Cianjurekspres.net – Komisi A DPRD Kabupaten Cianjur mendesak Satpol PP Kabupaten Cianjur agar segera bertindak tegas menutup beberapa batching plant tidak berizin maupun yang sedang memproses perizinannya. Hal tersebut sudah disepakati ketika rapat kerja beberapa waktu lalu.
“Tutup segera batching plant yang tidak berizin maupun yang sedang dalam proses. Sebab, kita sudah sepakat waktu rapat kerja antara Komisi A, Satpol PP, Dinas Penanaman Modal dan Pelayanan Terpadu Satu Pintu (DPM-PTSP), dan beberapa plant,” kata Ketua Komisi A DPRD Kabupaten Cianjur, M Isnaeni, kepada Cianjur Ekspres, Kamis (6/8).
Dia menegaskan, dalam rapat kerja sudah disepakati soal penutup batching plant tersebut, apalagi yang tidak ada izinnya sama sekali. “Dasar hukumnya kan sudah jelas, yang namanya tidak ada izin sudah menyalahi aturan. Harus segera ditindak,” tegas Isnaeni.
Baca Juga: Soal Batching Plant, Plt Bupati Cianjur: Kalau Tetap Membandel akan Kita Tutup
Dia menyebutkan, Satpol PP jangan memberikan toletasi-tolerasi terhadap perusahaan batching plant yang tidak berizin maupun yang sedang memperoses perizinannya. Itu pun hanya empat perusahaan yang dilakukan pengawasan, bukan penyegelan.

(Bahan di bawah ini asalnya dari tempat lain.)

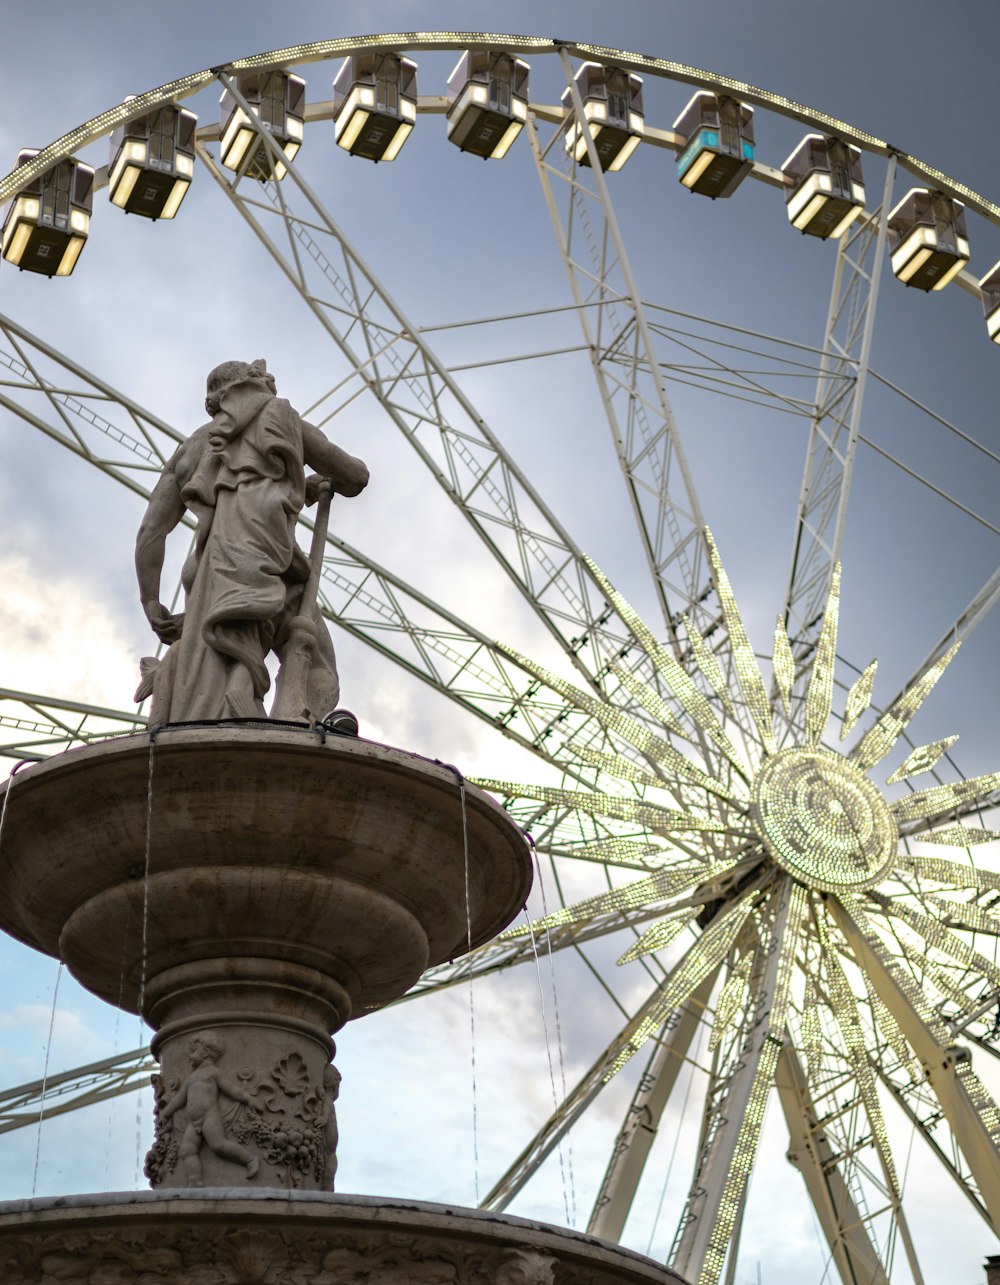 a statue of a person sitting on a fountain in front of a ferris wheel
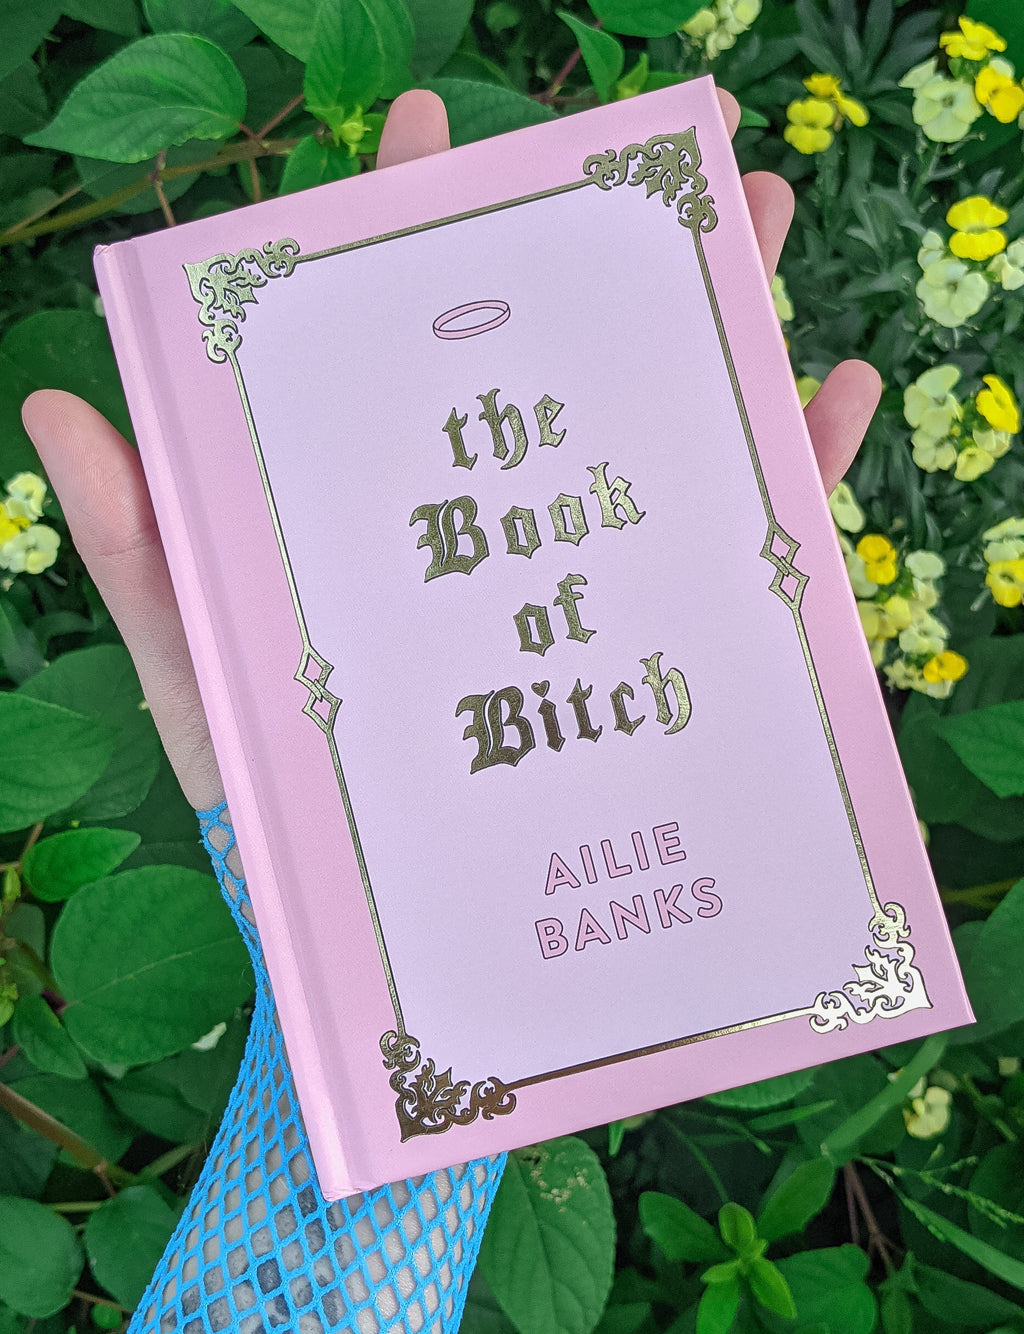 THE BOOK OF BITCH

“Harusnya penyegelan, bukan sedang diawasi. Ada apa ini dengan Satpol PP? Pak plt bupati kan sudah ngomong harus ditutup, atau dilakukan penyegelan agar tidak beroperasi. Ini seperti pembiaran saja,” ungkapnya.
Diberitakan sebelumnya, Kasatpol PP Kabupaten Cianjur Hendri Prasetiadhi saat dikonfirmasi mengungkapkan jumlah batching plant yang dipasang segel pengawasan belum bertambah.
“Belum nambah lagi, sekarang lagi penertiban reklame,” katanya.
Saat ditanya apakah yang dipasang segel pengawasan diperbolehkan untuk beroperasi? Hendri mengatakan bahwa yang dipasang segel pengawasan yang dimaksudkan agar proses perizinannya segera di tempuh ke DPMPTSP.
“Selanjutnya apabila dinas perizinan memberi informasi kepada kami ternyata izin juga tidak ditempuh, maka akan di segel tutup. Segel pengawasan sebagai peringatan pertama,” ujarnya.
Hendri menjelaskan, pengawasan yang dimaksud, tahap pertama yakni dalam konteks perizinannya dan tahap berikutnya sesuai dengan permasalahan perusahaan dalam menaati aturan. “Seperti tenaga kerja berarti oleh disnaker, kalau menimbulkan dampak lingkungan berarti DLH, kalau  transportasi berarti Dishub,” ucapnya.